Önümüzdeki süreçte artacak proje taşımacılığı taleplerini karşılamak üzere, kamu ve özel sektörün bu taleplere yönelik orta ve uzun vadeli bir master plan izlemesi bekleniyor. Kamusal altyapı yatırımları her anlamda ‘Proje Lojistiği’ sektörümüz için önem taşıyor. Ayrıca sektörün oyuncularının da özel ihtiyaçlara çözüm üretebilecek teknik bilgi, finansman, ekipman ve benzeri alanlarda hazırlanmaları gerekiyor.
Ekipman yetersizliği ve tecrübeli eleman azlığı da ‘Proje Taşımacılığımız’ın üstüne gitmesi gereken sorunlardandır.
Proje taşımacılığının potansiyeli büyük
Proje taşımacılığı uluslararası karayolu taşımacılığı sektöründe çok önemli bir role sahip. 2012 yılında Karayolları Genel Müdürlüğü’nden alınan 60 bin adet özel izin belgesi kapsamında gerçekleştirilen proje taşımaları ülke ekonomisi için önemli bir dinamik yaratıyor.
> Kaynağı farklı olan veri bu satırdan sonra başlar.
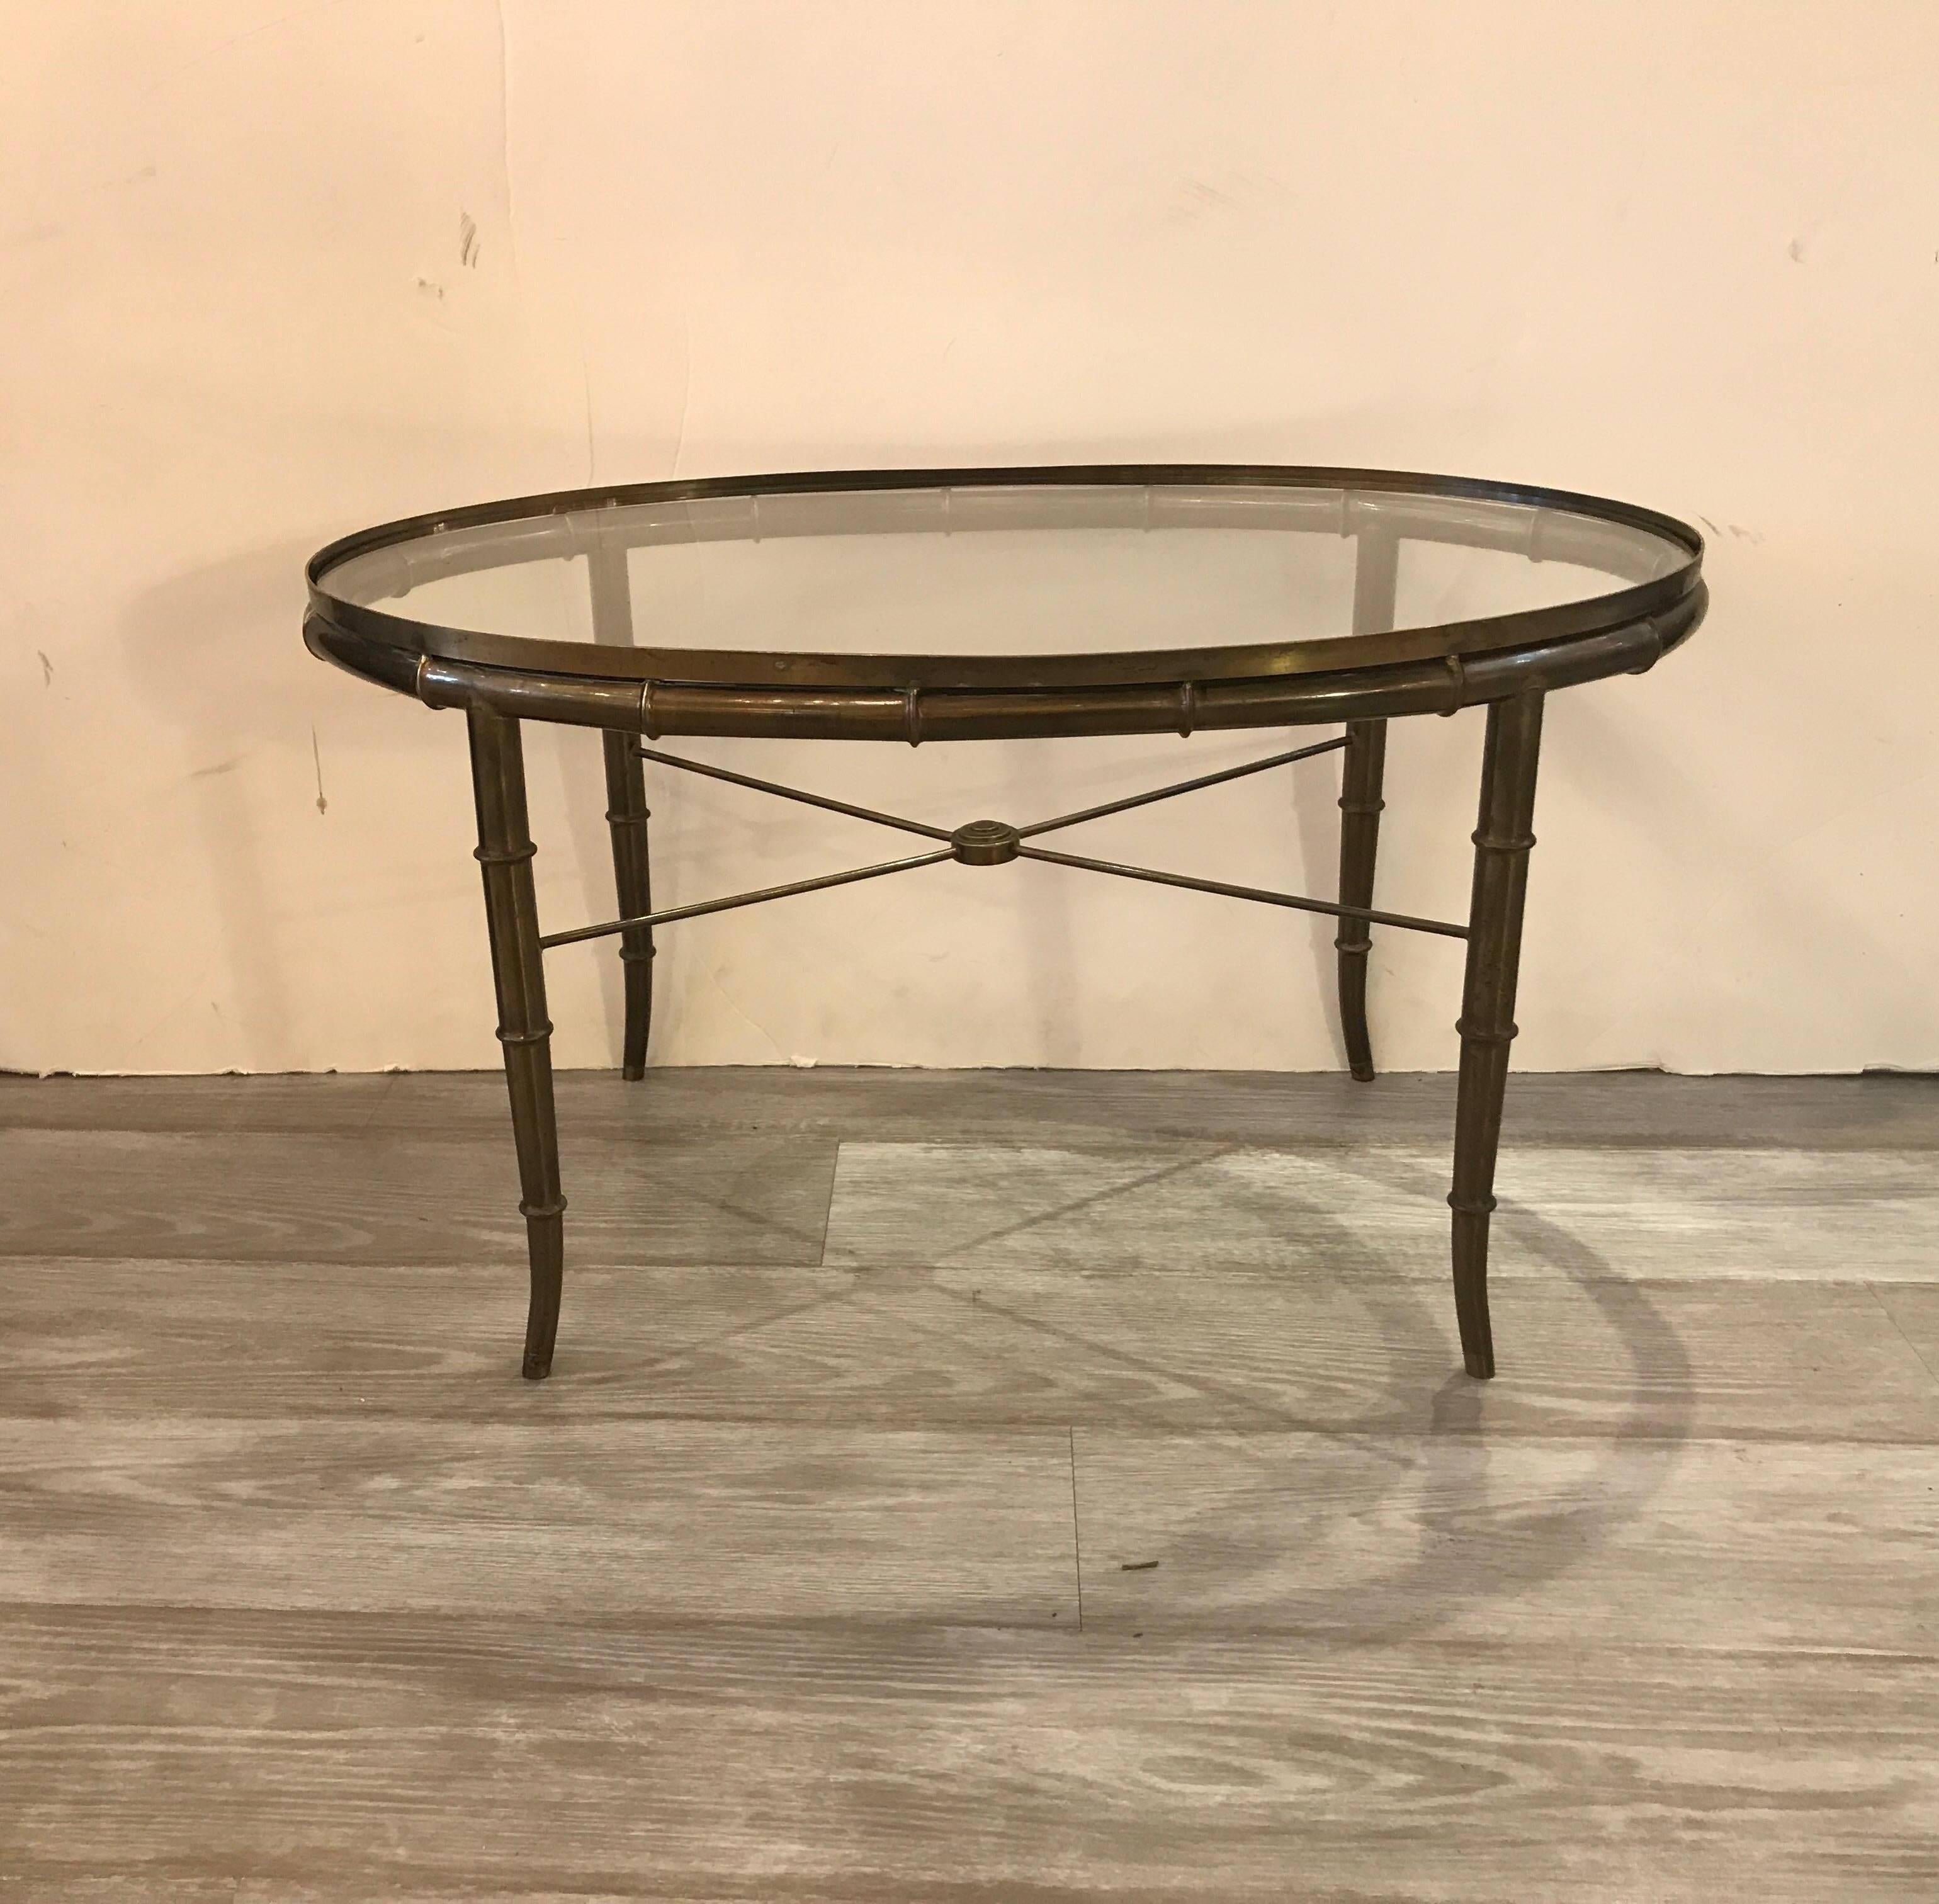 A diminutive pair of Mastercraft patinated brass and glass oval coffee tables. The gently splayed bamboo motif legs with X-stretcher bases. Priced for that pair but if you are interested in one.

Uluslararası Nakliyeciler Derneği (UND) Başkanı Çetin Nuhoğlu, proje taşımacılığı gerçekleştirebilmenin Ulaştırma, Denizcilik ve Haberleşme Bakanlığı’ndan alınan yetki belgeleri ile mümkün olduğunu belirtiyor. Nuhoğlu, “Proje taşımacılığına konu olan yüklerin boyutlarının ülke mevzuatında belirlenen ölçüler dışında olması sebebiyle taşıma sırasında birçok noktaya dikkat edilmesi gerekiyor. Ülkemizdeki kurallara bakıldığında ise; özellikle AB ülkeleri ile yapılan kıyaslamada mevzuat ve uygulama anlamında birçok noktada eksiklikler göze çarpıyor. Uluslararası Nakliyeciler Derneği bünyesinde faaliyetlerine devam eden Özel Yük Çalışma Grubu’nun gerek ulusal gerek ise uluslararası alanda gerçekleştirilen çalışmalar ile birlikte sektördeki proje taşımacılığına ilişkin mevzuat eksikliklerinin Ulaştırma, Denizcilik ve Haberleşme Bakanlığı tarafından giderileceği ve uygulama anlamında AB ülkelerinde olduğu gibi basit fakat etkin yöntemler ile taşımaların hız kazanacağını düşünülmektedir” açıklamasını yapıyor. Proje taşımacılığında hizmet verilen sektörlerin başında inşaat ve enerji sektörleri geliyor. Özellikle yurtdışındaki hidroelektrik santrallerine, baraj, köprü, rüzgar enerji santrali inşaatlarına proje taşımaları yapılıyor. Nuhoğlu, sektörün mevzuatsal ya da uygulamada yaşadığı sıkıntıları ise şöyle anlatıyor: “AB ülkelerindeki mevzuat anlamında sağlanan kolaylıklara bakıldığında özel izin belgelerinin yıllık olarak tahsis edilmesi, taşımalardaki kolaylaştırıcı prosedürlerin fazlalığı yurtdışındaki proje taşımacılığının avantajları olarak sıralanabilir. Ülkemizde proje taşımalarına ilişkin ayrı bir mevzuatın bulunmaması sebebiyle uygulama anlamında karşılaşılan farklılıklar ve bunların yarattığı ek maliyet ve prosedürler de ülkemizin yurtdışına kıyasla dezavantajı olarak görülebilir.”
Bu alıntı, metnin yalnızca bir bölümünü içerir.